W niedzielę 19.10.2025 po ośmiu latach działalności zamknęła się ważna miejscówka sosnowieckiego “świata” kraftu, jakim była Cesarska. Ale po trzech dniach zmartwychwstała, jak oznajmiają Piwne Podróże, tylko pod nazwą Cybertap.
Słowa "świata" powyżej użyłem w cudzysłowie, bo z grubsza od Cesarskiej się zaczynał i na niej świat kończył. Pomijam tu nomen omen ważną dla mnie działalność Rino na Starym Sosnowcu, gdzieś w okolicach czasów początku bloga, działającej Księgarni, gdzie można znaleźć przyjemny wybór piwa, ale tylko butelek i puszek, czy kilku dosłownie knajp, gdzie są pojedyncze piwa rzemieślnicze lub bardziej wynalazkowe (Bud, Zwierzyniec, PU). Pojedyncze! Sosnowiec ma około 200 tysięcy mieszkańców, to jest granda i rozbój. Tym samym, gdy dowiedziałem się o śmierci Cesarskiej zrobiło mi się smutno, ale szybko się rozchmurzyłem, gdy dowiedziałem się, że to przenosiny. Nieco smutno zrobiło mi się znów, gdy dotarła do mnie informacja, że to nie Cesarska się odrodzi, a powstanie trzeci Cybertap. Cybertap to spadkobierca idei lokalu i jego formy, ale z mojej perspektywy pozbawiony tego czegoś, co faktycznie wyróżniało Cesarską, unikalności.
Cesarska była knajpą, w której mi się chciało siedzieć. Wielkie okna wychodzące na miejski zgiełk i huk zataczającego się tramwaju, wielkie grafiki przedstawiające władców krajów będących zaborcami Polski, zajmująca całą ścianę historyczna mapa trójstyku granic zaborców, tzw. Trójkąta Trzech Cesarzy, który znajduje się w Sosnowcu (czy też właściwie miejsce, go upamiętniające), czy też grafika nawiązująca do tego.

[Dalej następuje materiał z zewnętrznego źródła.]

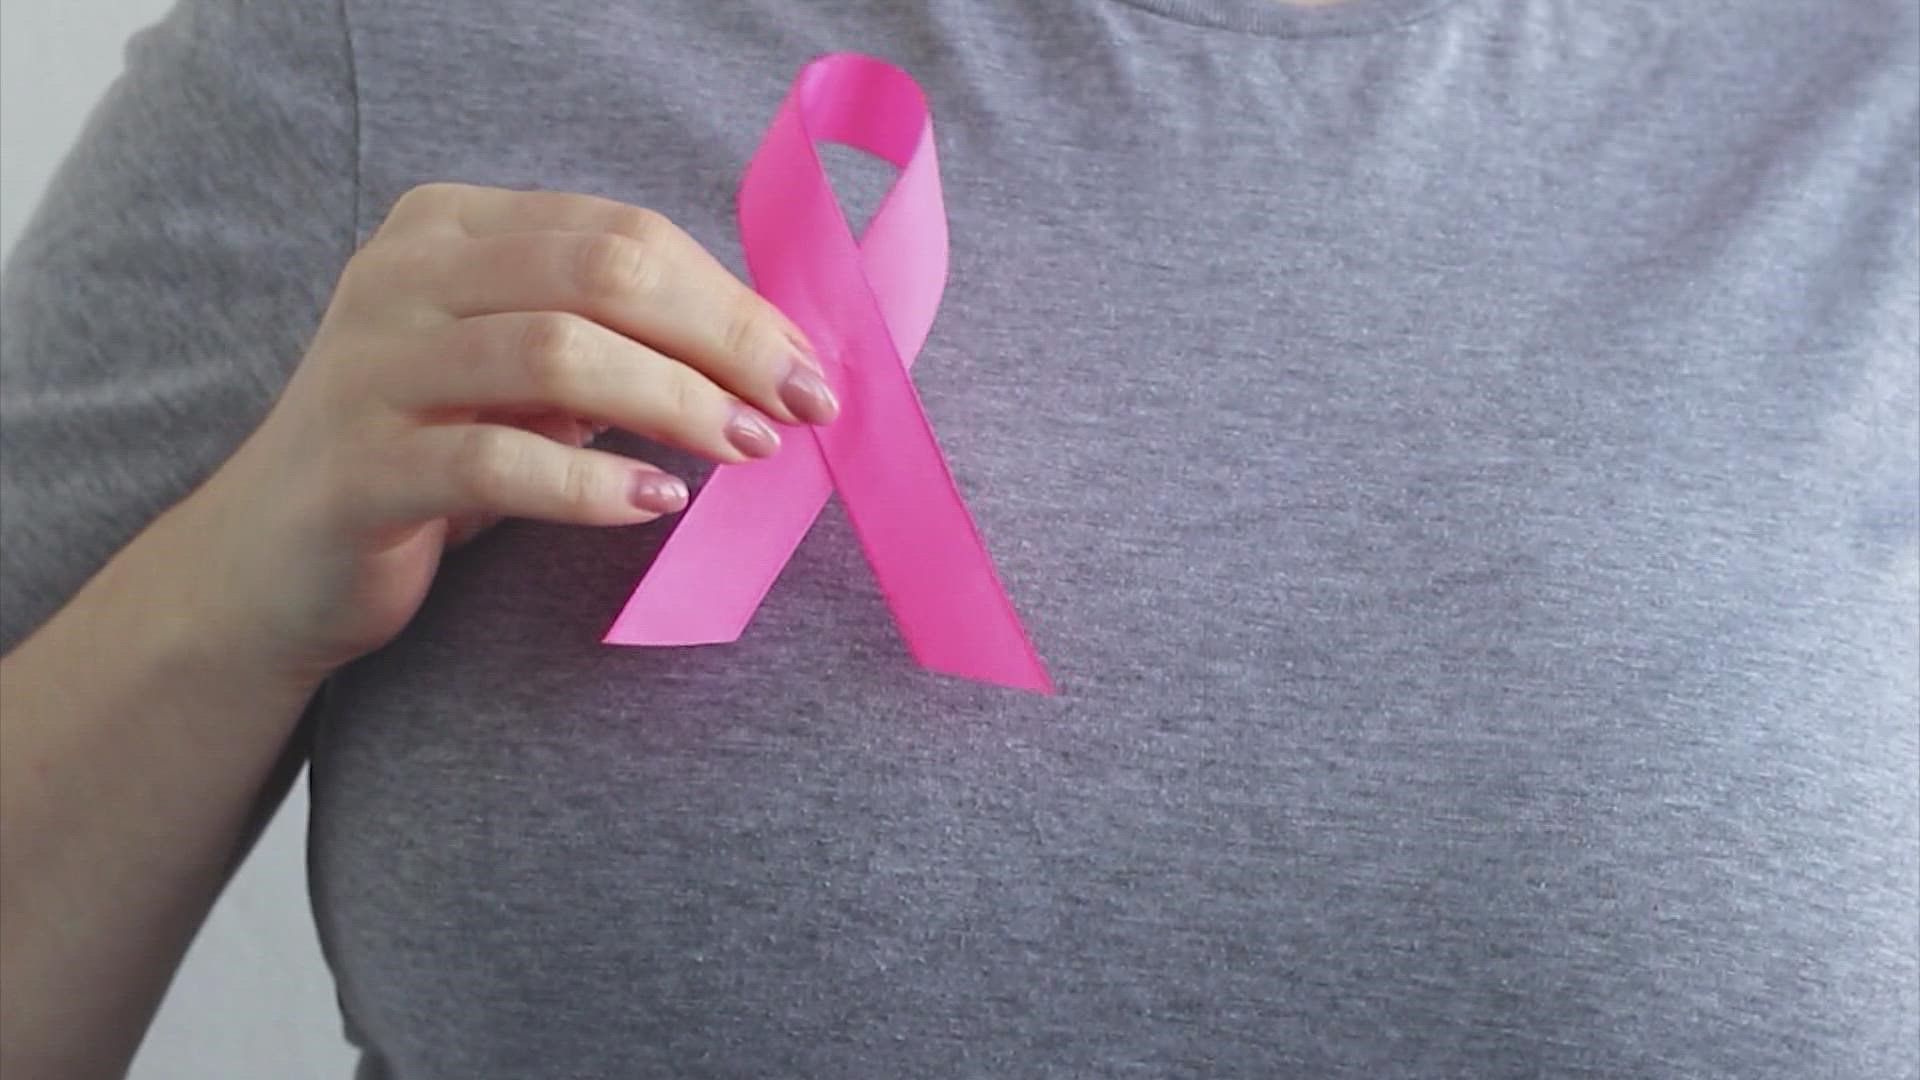 October is Breast Cancer Awareness Month. One in eight women will be diagnosed with breast cancer in her lifetime.

ZRESZTĄ SAMI ZOBACZCIE, JAK BYŁO W CESARSKIEJ
Poza tym zdjęcia ekip browarów kraftowych czy grafiki nawiązujące do sosnowieckiego Browaru Renarda. Wszystko nadawało fajny klimat. Do tego oczywiście bardzo dobra pizza, samoobsługowe krany, które dla niektórych są solą w oku po dziś dzień. Nie mam wielu wspomnień z czasów, gdy był tam klasyczny bar i barmani, więc nie mam do tego sentymentu, nie łączą mnie z tym żadne historie. Przyjmuję do wiadomości jednak fakt, że lokal ma przede wszystkim zarabiać na siebie i te krany są zwyczajnie tańsze w obsłudze. Wolę tak i dobre piwo pod nosem.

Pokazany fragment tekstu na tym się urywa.